The 1999 Pep Boys Indy Racing League was highly competitive and parity was the order of the year. Team Menard had a very good season with their driver Greg Ray capturing 3 race wins and the series championship. This was the last year before CART teams began to break ranks and jump to the IRL.

Confirmed entries

Season Summary

Schedule

Race results 
All races running on Oval/Speedway.

Race summaries

TransWorld Diversified Services Indy 200
The TransWorld Diversified Services Indy 200 was held on January 24 at Walt Disney World Speedway. Scott Sharp qualified on the pole position.
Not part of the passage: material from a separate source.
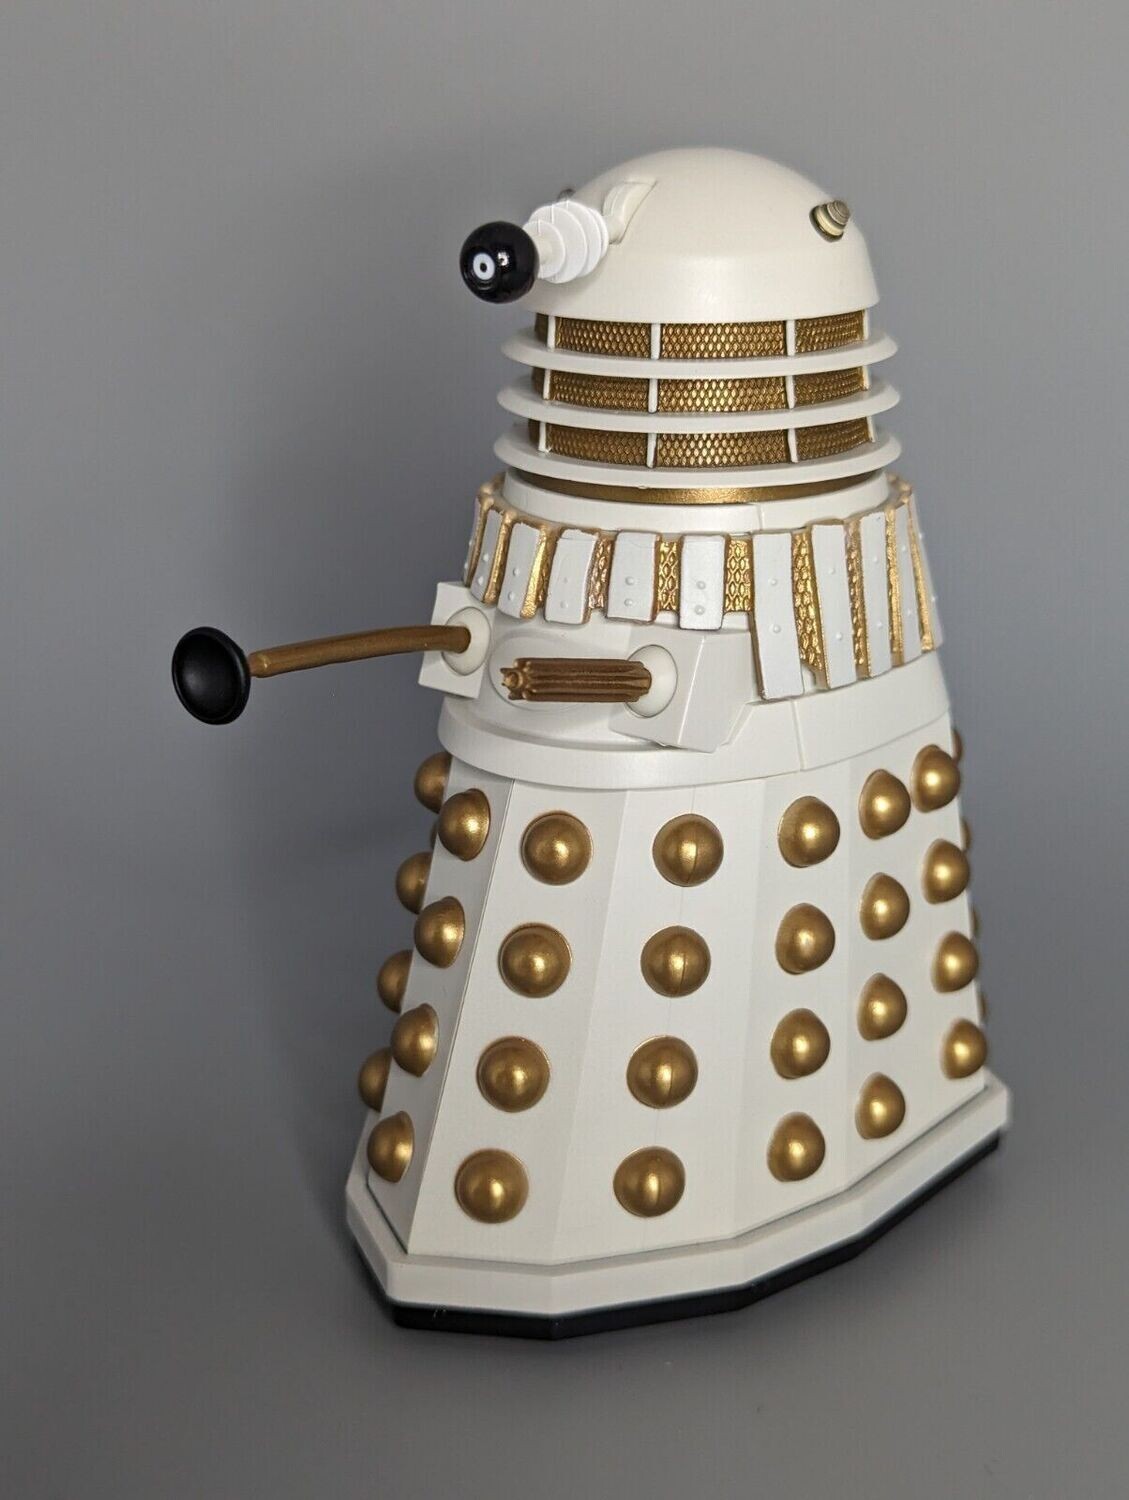 B&M Release "Necros" Dalek 5.5" scale Figure

The race was broadcast on ABC.

Top 10 results
 51- Eddie Cheever
 4- Scott Goodyear
 35- Jeff Ward
 8- Scott Sharp
 30- Raul Boesel
 28- Mark Dismore
 18- Steve Knapp
 9- Davey Hamilton
 11- Billy Boat
 91- Buddy Lazier
Failed to qualify: 6-Eliseo Salazar

MCI WorldCom 200
The MCI WorldCom 200 was held on March 28 at Phoenix International Raceway. Greg Ray qualified on the pole position. The race was broadcast on Fox Sports Net.

Top ten results
 4- Scott Goodyear
 21- Jeff Ward
 44- Robbie Buhl
 11- Billy Boat
 66- Scott Harrington
 33- Roberto Moreno
 28- Mark Dismore
 8- Scott Sharp
 99- Sam Schmidt
 7- Stéphan Grégoire
Goodyear's first IndyCar win since the 1994 Marlboro 500 at Michigan International Speedway and his first in IRL competition.
Prior to this race, Ward left ISM Racing to drive for Pagan Racing.

VisionAire 500K
The VisionAire 500K was on held May 1 at Lowe's Motor Speedway.  Greg Ray qualified on the pole position. The race was broadcast on Speedvision.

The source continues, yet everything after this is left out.